Avon Fantasy Reader No. 18
Edited by Donald A. Wollheim
Avon Novels, Inc.
1952
1st Printing

     One of the most interesting sidebars in genre fiction concerns Robert E. Howard. Howard was popular during his lifetime, but it was after his death that his popularity took on almost mythic proportions. At one point in the 70s, most every word Howard had ever put to paper was available in print, including drafts and fragments. Even today, his Conan stories are still in print and occasional collections of his other works appear from time to time.

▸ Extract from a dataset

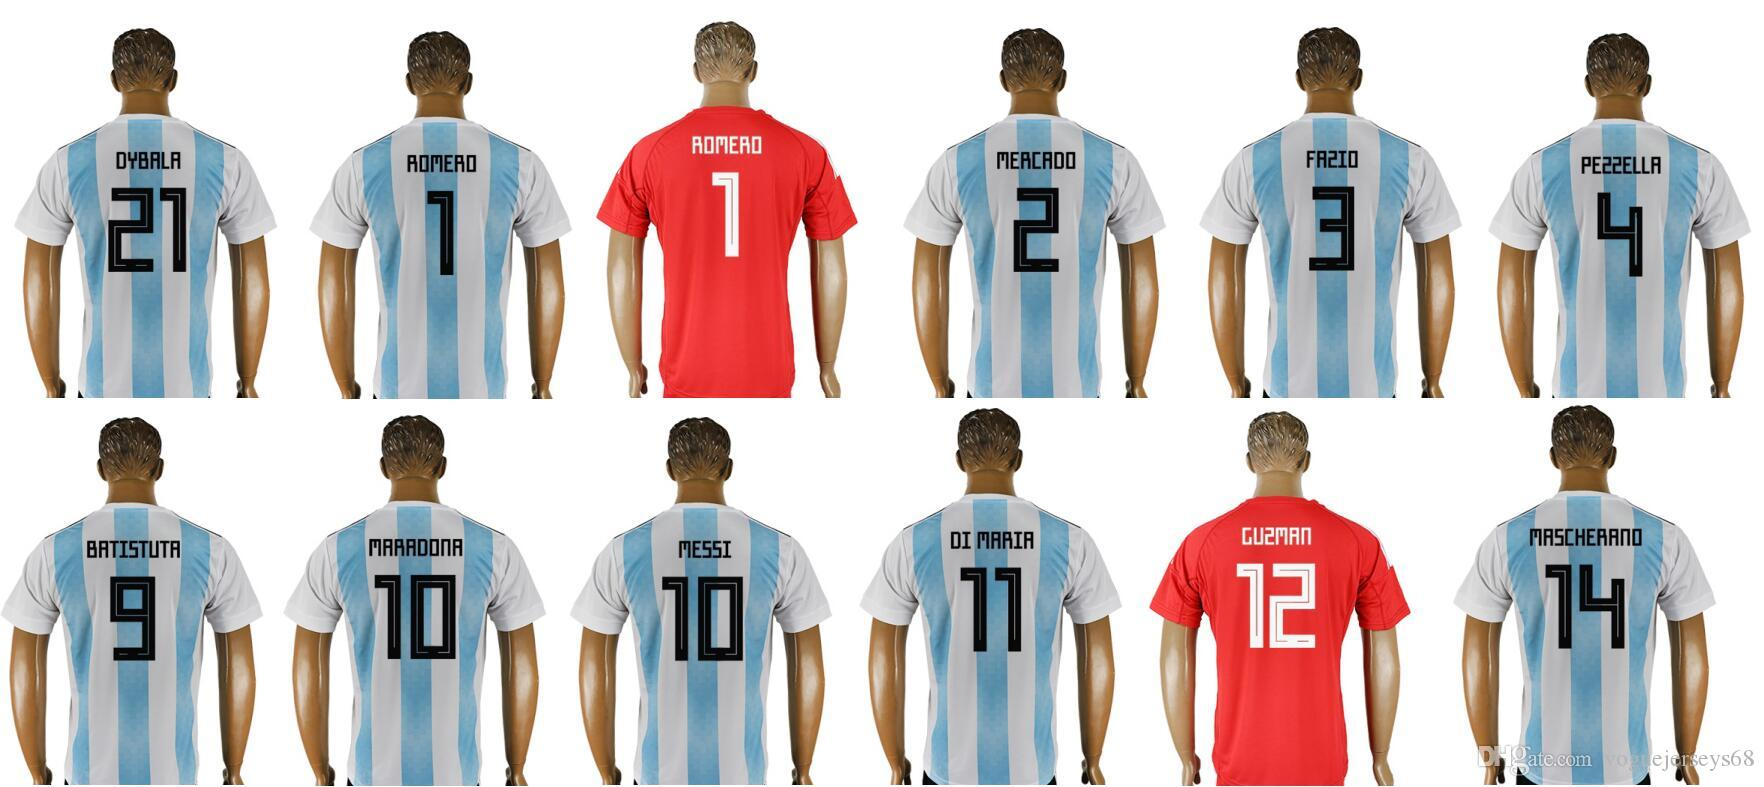 Compre Mens 2018 Argentina Equipe   1 Sergio Romero Diego Maradona 9  Gabriel Batistuta 10 Uniformes Lionel Messi Camisas Sports Soccer Jerseys  Barato De ... 624295cad8b93

     With the popularity of Howard being what it was, this issue must have been a major coup for Wollheim, since "The Witch from Hell's Kitchen" had never been published anywhere before. The story, like many of Howard's works, is set at the "very dawn of recorded history" and Wollheim goes on to suggest in his introduction to the story that this tale is "clearly a prototype of the author's Cimmerian chief."
     The rest of the issue, the final one, has the usual mix, this time featuring Algernon Blackwood, Hugh Cave, and William Hope Hodgson, among the familiar and Dale Clark, Gelett Burgess, Hazel Heald, James Francis Dwyer and Edward Lucas White among the unfamiliar. Note also the list of authors on the front cover.
     Looking back over the entire run, it seems that The Reader was a grand experiment, acting as a sort of bridge between the pulps of the past and the paperback books that would soon become the mainstay of genre fiction. I can't really think of any other publication that presented such an eclectic mix of stories during its run and that existed almost entirely on reprints, at least not until the revival of interest in pulps that occurred in the 70s.
     After the 18th issue, Avon Fantasy Reader was combined with Avon Science Fiction Reader into a new publication called Avon Science Fiction and Fantasy Reader, a periodical that published only new works. Wollheim was not connected to the new venture, as he had moved on to become the editor of Ace Books, a position he would hold for nearly twenty years.